Well, Drake fell apart.

It was only a matter of time before the wheels fell off that offense. When you play a good defense and, on the other side, you don’t get the calls it puts you in a bad position. Drake is now in a very bad position. By losing this game they are now a one loss team in the PFL. A win against Stetson on the road still guarantees a PFL championship and an Automatic Qualification to the FCS Tournament. The problem is, again, the offense. These guys have to get a flow going again. They don’t have it. They are struggling with it a bit in all phases (a missed field goal –that may not have been a missed field goal– early in the game was the literal reason they lost).

Draining. Watching them is draining. Caring is draining. I am drained. Well, at least Colo won–convincingly at that. On to the next week.

Some Thoughts:

  1. I need some real alone time. I don’t live in a space where I get that. There is always someone around. I want some real time. Real quiet. Not a bunch. Just a few hours to really reset and get my mind right. I’m tired of feeling that someone is waiting on me, either to do stuff or to get out the way. I just need a moment to be still.

7.618

I am writing this in quick draft mode because I just updated to the newest version of wordpress, and that is not working out too well. I felt it when I hit update. I read the thing about backing stuff up, didn’t, and knew immediately things were about to go sideways. Not like USA 2026-7 sideways, but sideways nevertheless.

So here I am in this small quick draft window trying to put a Friday blog in place before the Tyson fight. Funny how priorities shift in life. I should be building up to a moment of writing and not trying to get it done so I can watch something on the telly. I’d argue that device and the smaller cellular versions have created a wealth of ills in our society or, at the very least, exacerbated them.

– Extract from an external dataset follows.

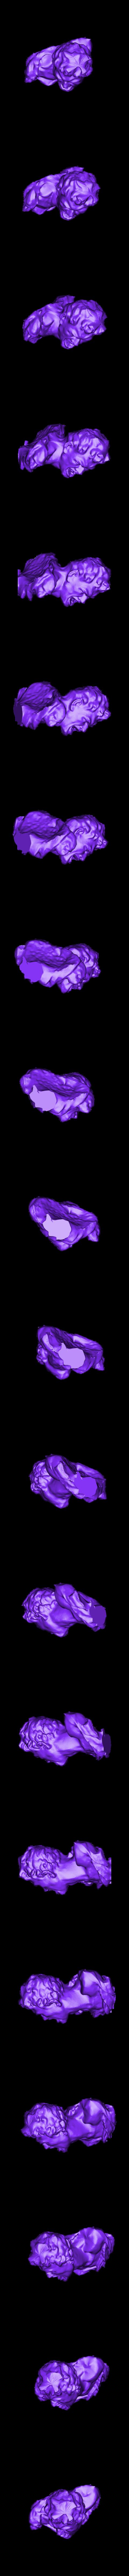 Marsyas_.stl Télécharger fichier STL gratuit Marsyas • Modèle pour impression 3D, metmuseum
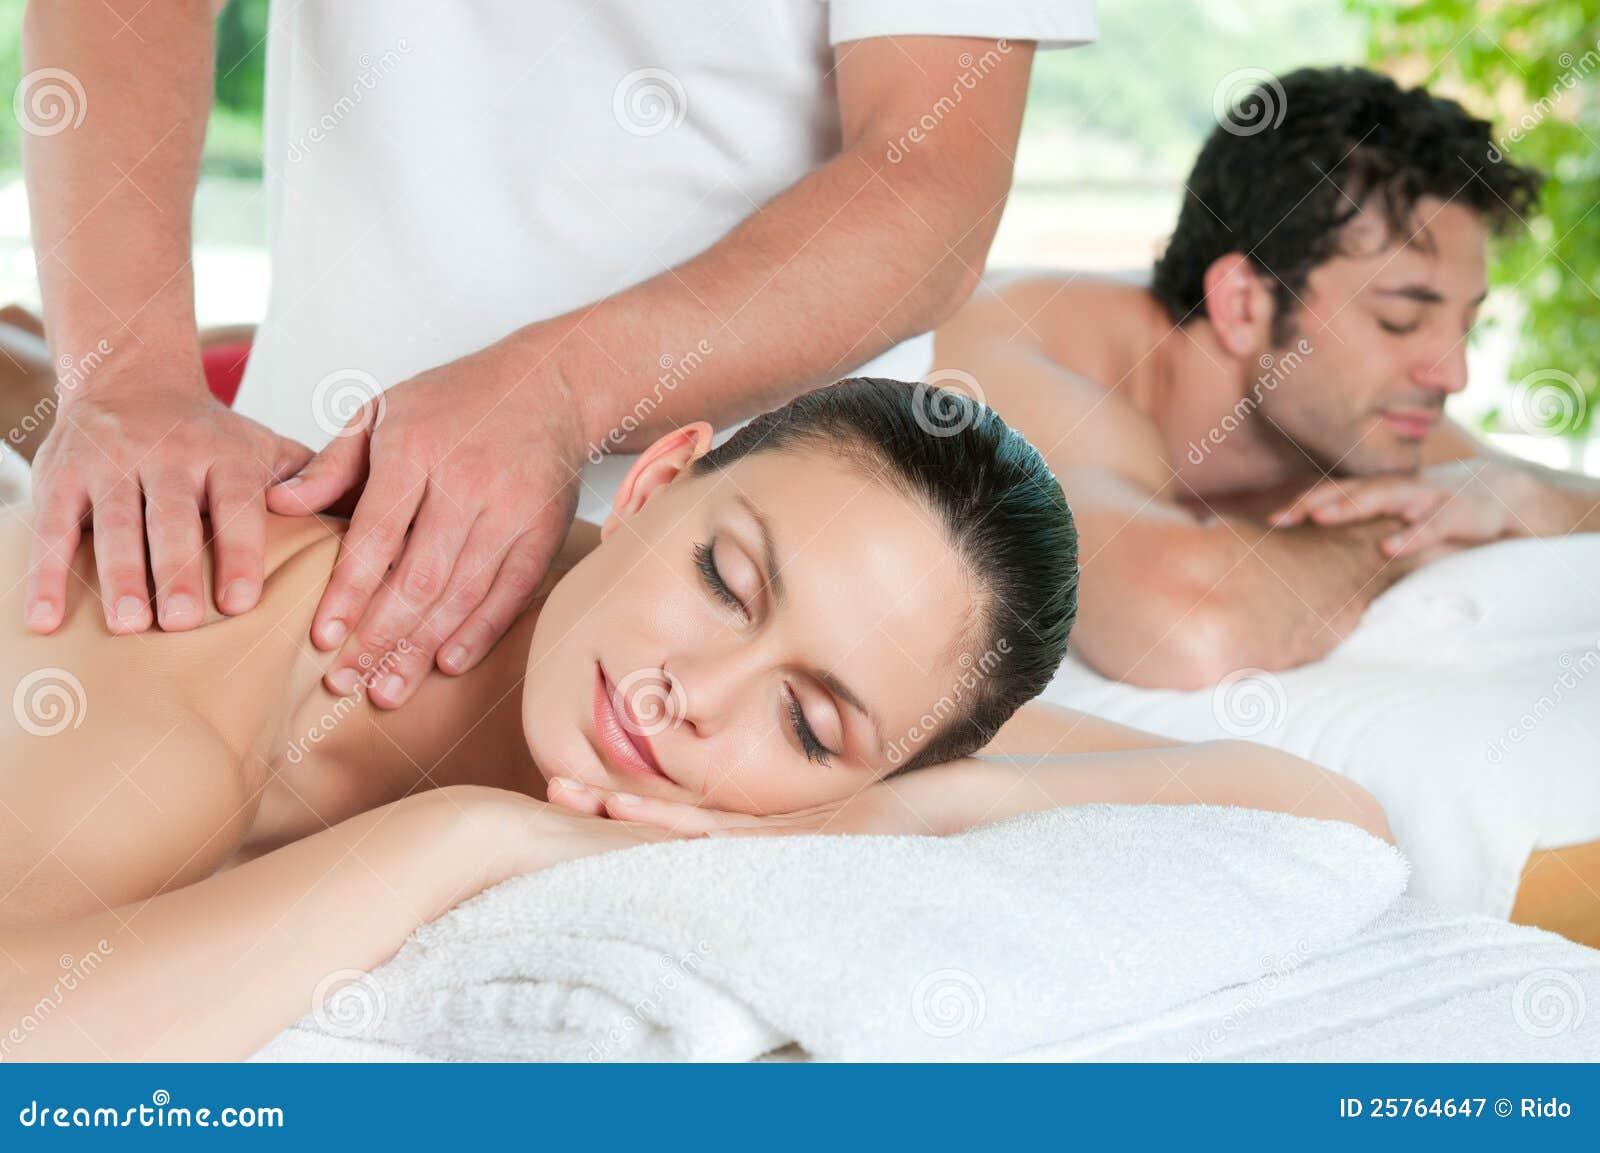 Het ontspannen van het paar met massage

This was going to be a post about this idea of the imaginary LEFT and how anyone not a card carrying Republican is being morphed into the enemy. I’ll write that one eventually. I think it requires a tad more research. I think a lot of things anymore, first and foremost being that I need to get my priorities back in whack. The truth of this blog is that I am blessed with the opportunity to even have this blog, and in that I have all the chances in the world to tell stories and spread the way I think and feel about the world. It is a pleasure. It is a freedom. It isn’t a burden or a thing to get through before the fight. It is what I need to dedicate time towards–yes ten minutes, but also want to be here in this chair all ten minutes doing this. If I can do that for the blog the way I know I can, I can do this for my other writing… The way I know I should be able to, but haven’t with any real regularity for the last, let’s be honest, thirty plus years.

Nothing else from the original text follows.